KICKING THE DEBT HABIT
As is the case with quitting any addiction, the initial stages are the most painful but also the most crucial, and the global credit binge since the onset of the 2008 financial crisis has created a population of “credit junkies” on an unprecedented scale.
In my opinion, the world needs another severe financial crisis, because we do not seem to have learnt a key lesson from the previous one — you do not solve a debt problem by creating even more debt.
Unfortunately, as figures from a recent report by Dutch bank ING show, total debt (that is, all forms of debt across both private and public sectors) relative to GDP has increased since 2011, having initially fallen from 2009. I guess old habits just die hard.
A handful of friends and family have accused me of being somewhat sadistic, wishing for a purgative recession of sorts. However, I would argue that our artificial sense of prosperity is due to central bank largesse, which masks the true cost of capital, distorts economic incentives and plays havoc with price signals generated by a market-based system.
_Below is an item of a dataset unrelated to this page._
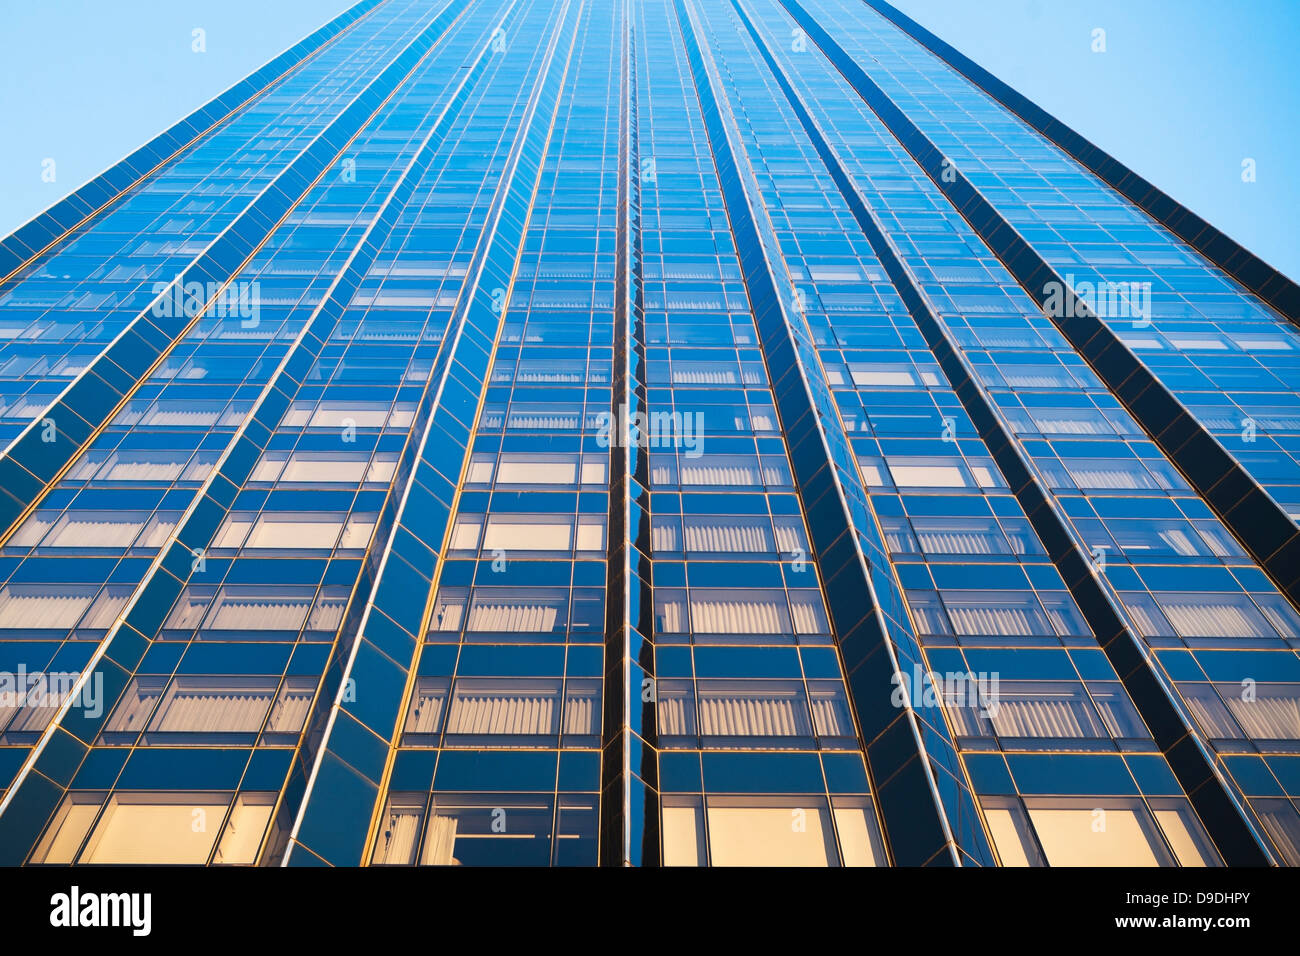 Vue oblique de gratte-ciel, New York City, USA Banque D'Images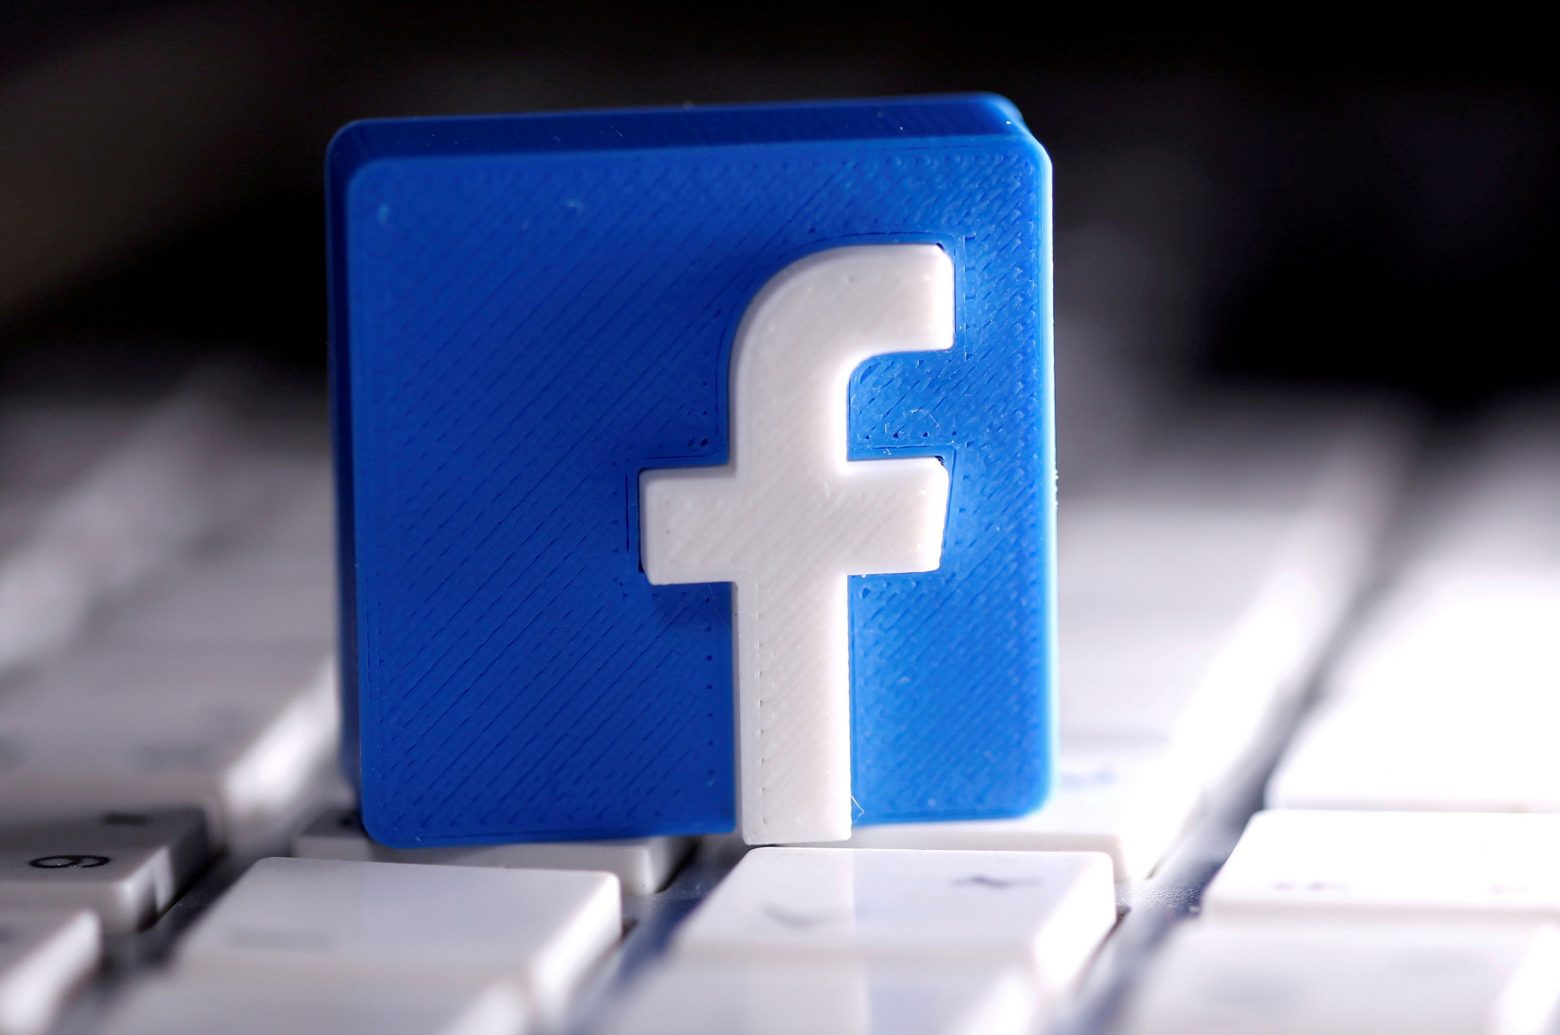 Facebook - Η λίστα με τις δημοφιλέστερες αναρτήσεις φέρνει σε δύσκολη θέση την εταιρεία

Given access to artificially cheap money, inefficiencies are tolerated for longer and funds are diverted to unproductive rent-seeking activities, resulting in an economy driven by outsized, fundamentally unprofitable “zombie companies” and dominated by banking and property barons.
If recent data from the Urban Redevelopment Authority are anything to go by, recent measures (like the Additional Buyer’s Stamp Duty, Total Debt Servicing Ratio and others) to cool the housing market may be working: Home prices rose at the slowest pace in six quarters. But unfortunately, prices are still rising.
It is my belief that, even if Singapore’s private property market does not undergo correction, as I expect it to, the Government should engineer one by continuing to tighten credit conditions and industry regulations. It is worth taking a little bit of pain now if it means preventing a far uglier property market collapse in the future and setting us on the path towards a more stable, sustainable economy over the longer term.
Charles Tan Meah Yang is a Singaporean investment analyst.